I guess I could see the argument that the companies don’t have enough time to make the necessary changes to adhere to the law, but then you should be advocating for the law taking effect at a later date rather than regulators being slow to issue fines when they are in full effect.


Just to add that these deadlines are typically given years in advance, to give companies a chance to prepare and comply.


Extra territoriality is well established in international law - if you provide services to, or extract data from the EU, you are subject to EU laws. US tech will simply have to comply or withdraw services.


I really see no reason why digital should be any different from physical goods. If you want to sell something in other country you have to follow regulations there. Which is fair enough. You can always choose not to do business in other countries.


As a user I am totally fine with having the service provider's local laws apply though.

It is easier for me to choose a different provider than to move myself and my family to another country with better laws. Compare 'Chat control' debacle.

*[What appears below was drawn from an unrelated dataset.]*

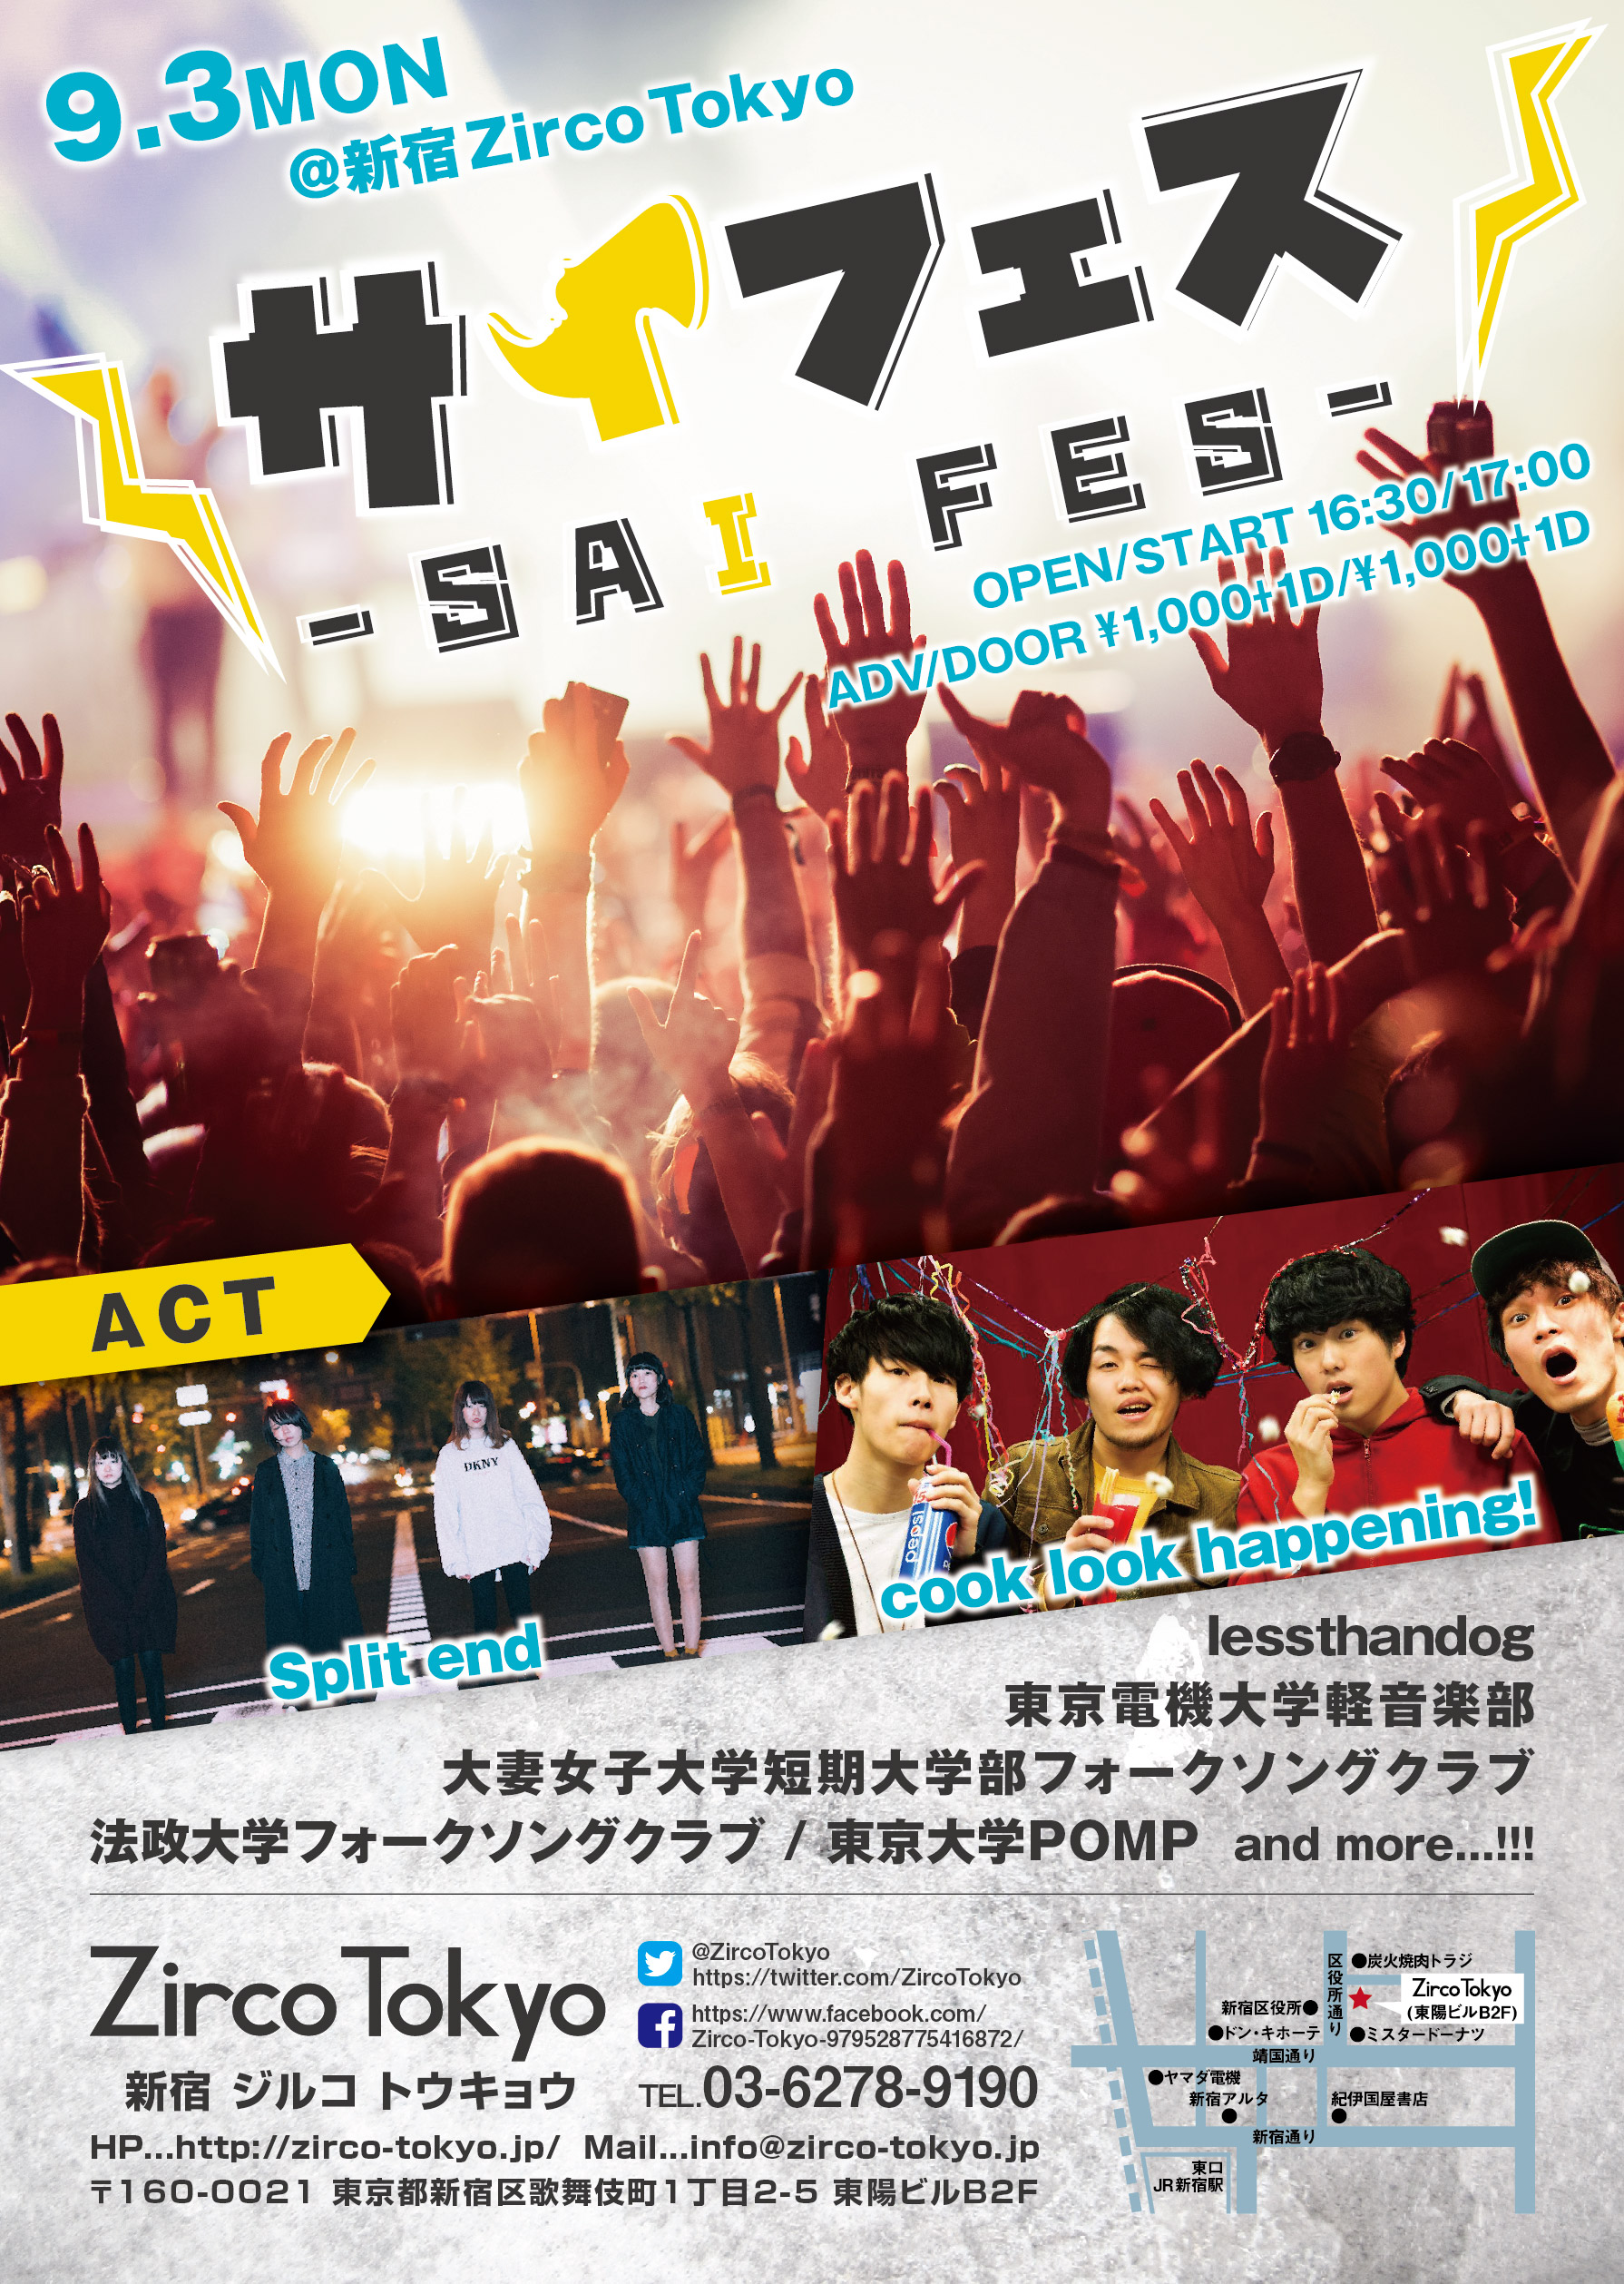 9月3日 新宿zircotokyoにて学生バンドとインディーズバンド集結の Saiフェス 開催決定

Its give and take: we could make the statement "american tech weaponizes tax discrepancies to extract billions from EU countries"


Also data that is illegal to collect and process in Europe but standard for Facebook and co.


Some of the big tech mentioned are fined a lot heavier than others on some of those regulations. For example, Apple has barely received anything under the GDPR. Why? They don't collect unnecessary user data with shady "consent". Microsoft also doesn't seem to be struggling too much with the DMA or DSA, just the usual anti-trust stuff they always seem to get themselves in. But their gatekeeper obligations don't seem to be a problem whatsoever.

The EU has been clear for years they're fed up with the behavior of big tech with some of those things. If you don't want to listen, you have to feel the consequences. Easy as that.


Previously on Earth about trampling on privacy:

........


"vague, ever-shifting rules" seems a bit disingenuous.

I can understand GDPR (and I'm no lawyer) but the whole of 'American Tech' can't?